Os and the four warriors use their psychic insight to pinpoint where the portal will open. They arrive to meet the four Shadow Men who fought them before. This time, however, the four warriors are more than ready, and their fight commences. No matter how many times they are beaten back, the Shadow Men still manage to get up and press the attack. Using archaic weapons that Os gave them, the four warriors summon forth a lightning storm and project it into the Shadow Men, killing them instantly. Os proceeds into a nearby building to attack Slate.
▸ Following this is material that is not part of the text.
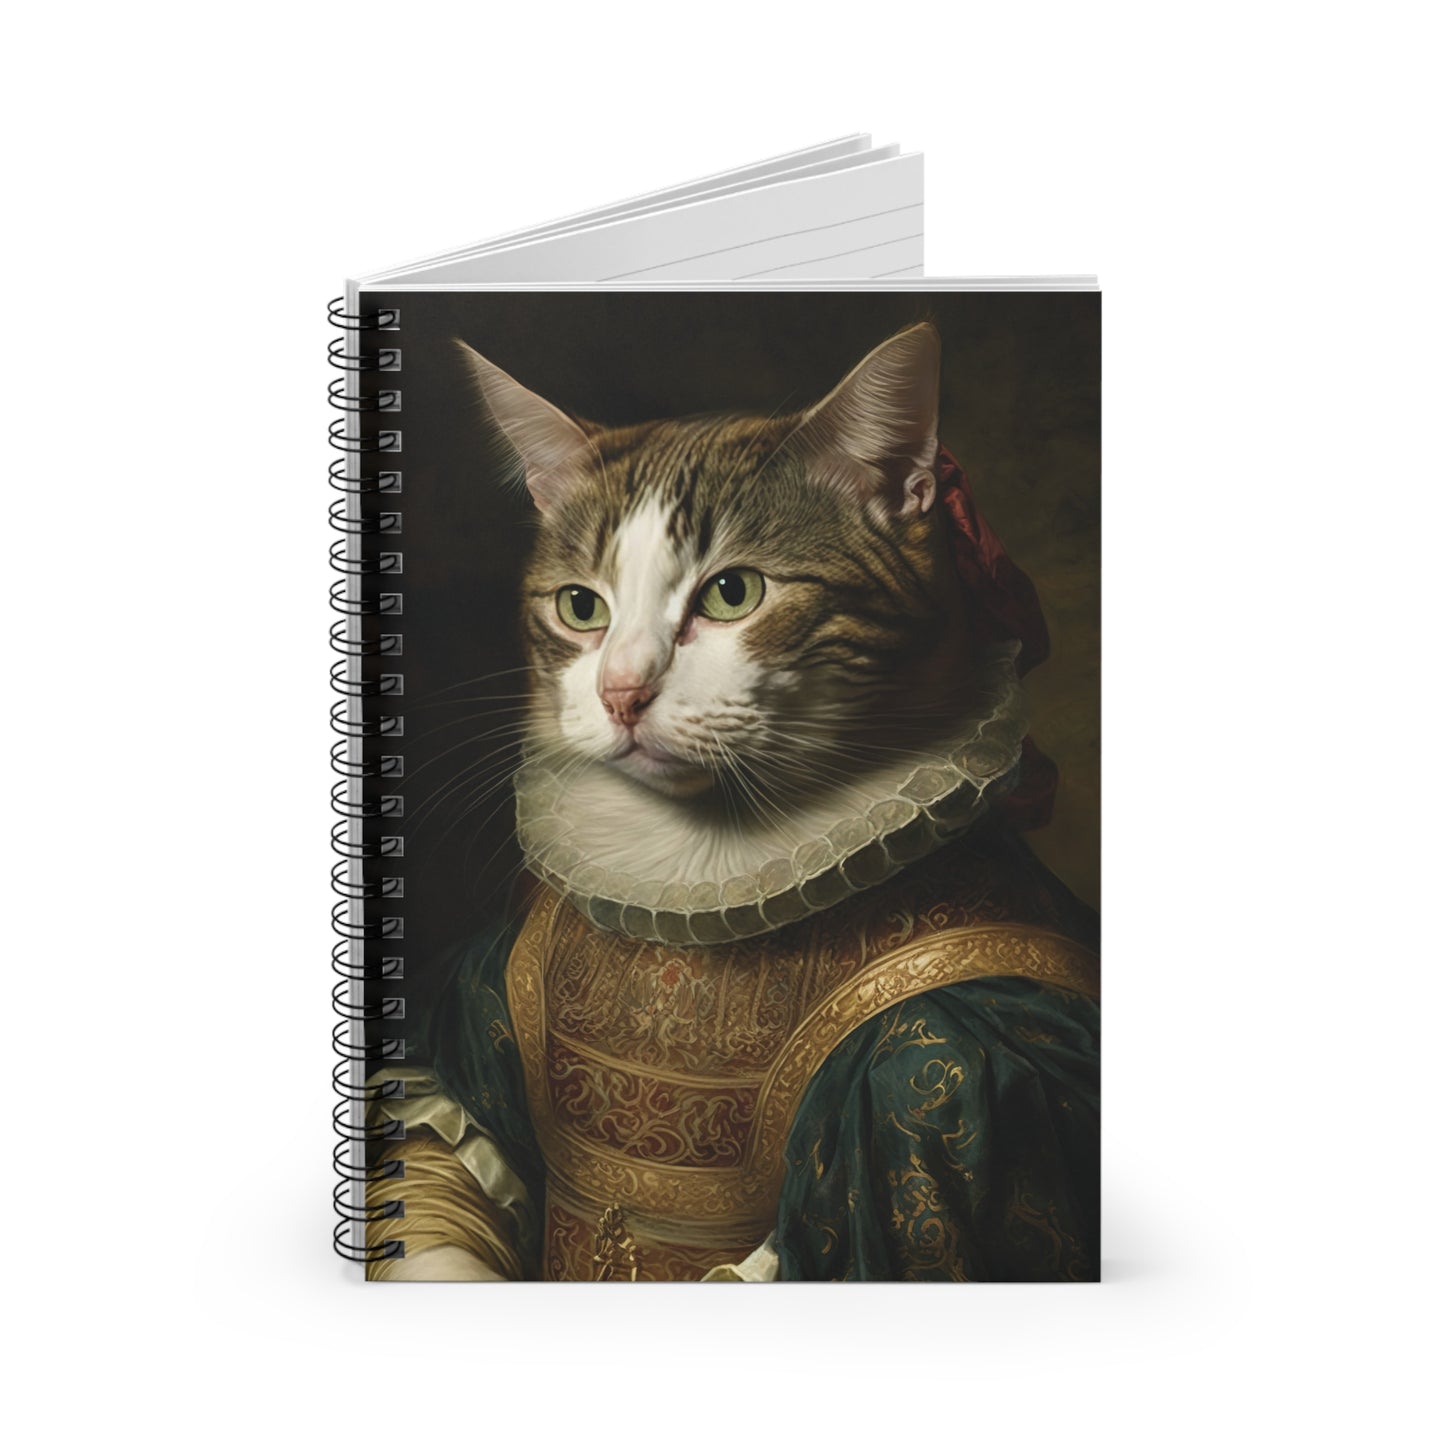 Cat Aristocrat | Spiral Notebook - Ruled Line

The two Shadow Men fight, but Slate gains the upper hand and manages to activate the power of the tablet. The floor is torn up as the portal begins to open. Os sees his chance and opens his heart up and unleashes the same power that the White Warrior used on him. Slate is immediately struck with a powerful image of all the goodness left in the world, nullifying his dark powers. Without Slate's will to maintain it, the portal collapses and the tablet shatters on the ground.

The four enter the building to find Os the victor. Not only that, but Slate has been turned into an ordinary human being, making him no match for any of them. In their mercy, they allow Slate to leave. Os then tells the others it is time to say goodbye. The others then ask where he is going. He replies, "I'm not going anywhere, but I'll be everywhere. That's the theory, at least." Telling the four that he is proud of them and that they should search for others who will become warriors, Os steps away and is transformed into pure light and vanishes. The movie ends with the four elements walking toward the sunrise with Os' words echoing in their minds.

==Cast==
- Billy Zane as Os
- David Field as Slate
- Tory Kittles as Ray Jackson / Fire
- Byron Mann as Michael Fu / Water
- Stacy Oversier as Serena Blue / Air
- Dominic Purcell as Keith Grady / Metal
- Michelle Comerford as White Warrior
- Linal Haft as Howard Lancaster
- Myles Pollard as Paul Back
- Simone McAullay as Mrs. Harrison
- Barry Otto as Professor
- George Cheung as Tojo Sakamura
- Craig McLachlan as Lieutenant
- Matt Boesenberg as MP #1

== Production ==
Filming took place in Australia over 23 days. The main unit, directed by Jefery Levy, filmed simultaneously with the action unit, directed by Tony Ching, in locations close enough to each other that Levy and the actors could walk back and forth between units. Billy Zane called the experience the equivalent of a 46-day shoot.